Сергей Другаль: Я вступил в тот
Союз, где не было антисемитов. Меня пригласили, я написал заявление, меня сразу
приняли. Мучений никаких не возникало. В наших рядах находился писатель Дробиз.
Кто-то его обозвал, я возмутился, и мы вместе с Дробизом вышли. Сейчас я член
другого Союза писателей. Иногда приглашают на «Пушкинские дни» к памятнику
Пушкину. Там детишки читают стихи. Потом уходим в Союз, и там пьянка делается…
Елена Минакова.: Как вы пришли в
литературу?
С.Д.: У меня был друг —
Виталий Бугров. Он работал в «Уральском следопыте». И вот как-то я принес в
журнал рассказ. Не помню уже какой. И мы сразу сошлись, сразу сдружились. Журнал
тогда обитал в здании на площади 1905 года. Мы там собирались. Там же я
познакомился с Крапивиным, вернее, нас познакомил Виталий. Они были друзьями.
Е.М.: Бугрову в этом
году исполнилось бы 70 лет. А каким он был человеком?
С.Д.: Бугров был
идеальным человеком. Воплощением интеллигентности. Он не мог сказать плохого
слова. Никогда не повышал голос. Никогда не матерился, даже смешно об этом
говорить... У меня на работе был спирт. Я его приносил и говорил: «Это хищенка».
И мы всей редколлегией пили эту хищенку. Эти годы были как праздник. Праздник
общения. Беседовали, в основном, о литературе, конечно. Никого звать не надо
было — все сами приходили... Все прошло, все разрушено! Витя (В.И.Бугров —
ред.) умер. Никто его не заменит. И даже не пытался заменить, потому что
ничего бы не вышло. «Следопыт» сделал Бугров. При нем тираж журнала достиг
небывалого роста. Бугров вел фантастику. Фантастика определяла лицо журнала.
Раньше и «Аэлита» была как праздник. А сейчас его нет. Для одного из последних
фестивалей каких-то артистов наняли. Они выступили. Я не досидел, ушел…
А без Бугрова я вообще перестал писать фантастику.
Е.М.: Я думаю, настоящая
фантастика — это удел интеллектуалов. А вы, Сергей Александрович, как думаете?
С.Д.: Обычный автор
никакого сравнения с фантастом не имеет, понимаете? Я имею в виду настоящих,
таких, каких Бугров выбирал из тысяч. Только единицы из присланных рукописей ему
нравились. Это была вроде вкусовщина.

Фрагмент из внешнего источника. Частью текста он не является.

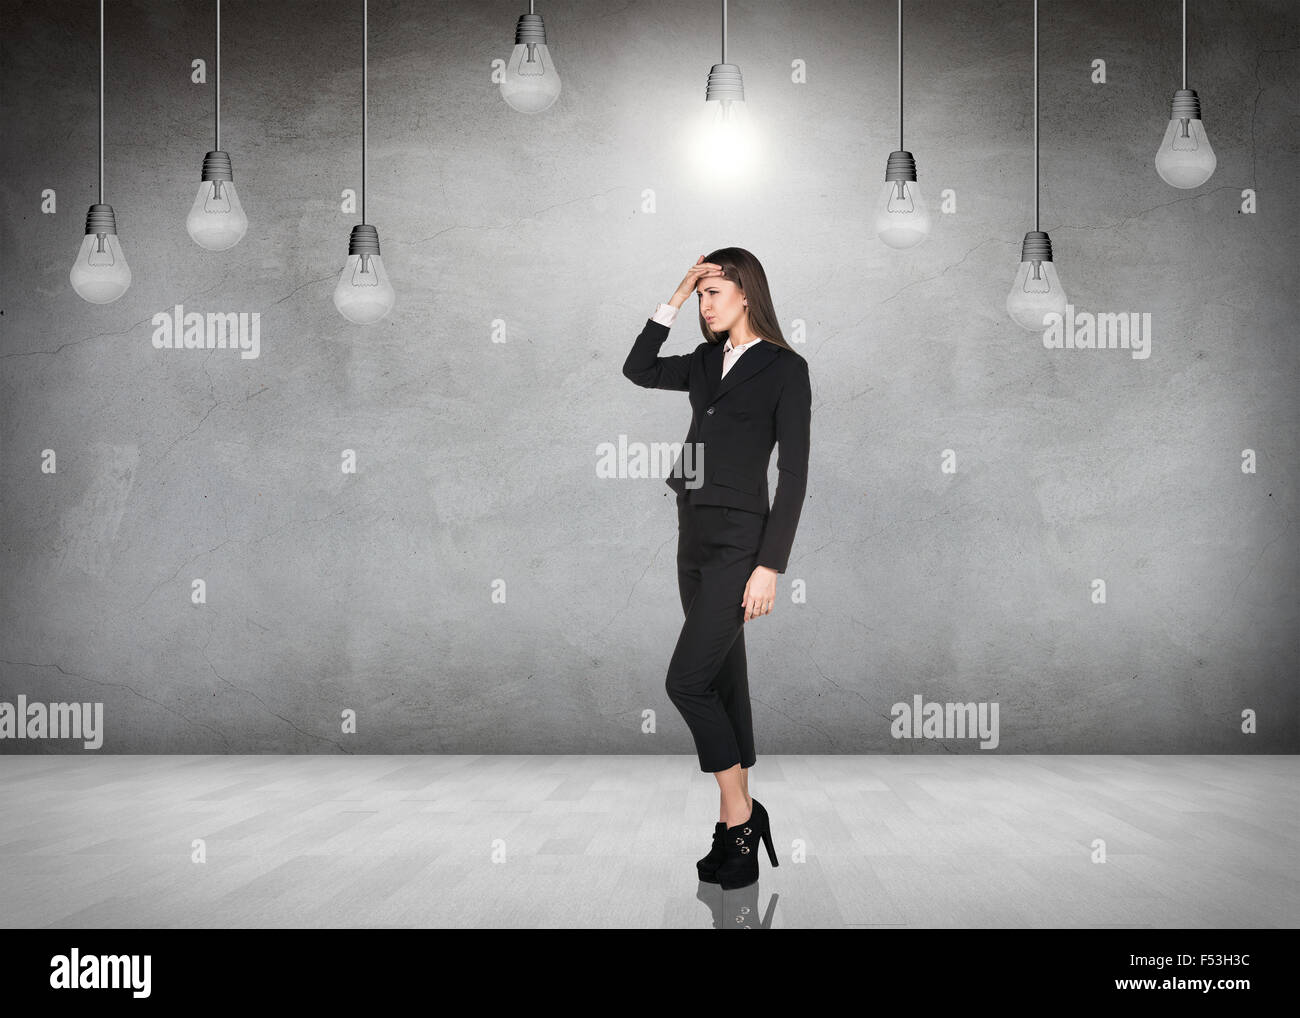 Femme stnads d'affaires dans une salle grise avec ampoules suspendues Banque D'Images

Бугров выбирал то, что ему нравится лично.
Если ему что-то не нравилось, он всегда улыбался и очень мило отказывал. Он
считал, и я с ним согласен, что писатель-фантаст настоящий — это, конечно, для
обычного писателя недосягаемо. Ну, вон они (кивает на полки с книгами) стоят у
меня: наверное, их тысячи. Особой пользы от них нет — они разового пользования.
А фантастика — не разового, она перечитывается. Виталий Иванович многих, и меня
в том числе, извлек из небытия. Через себя пропускал рукописи целыми пачками...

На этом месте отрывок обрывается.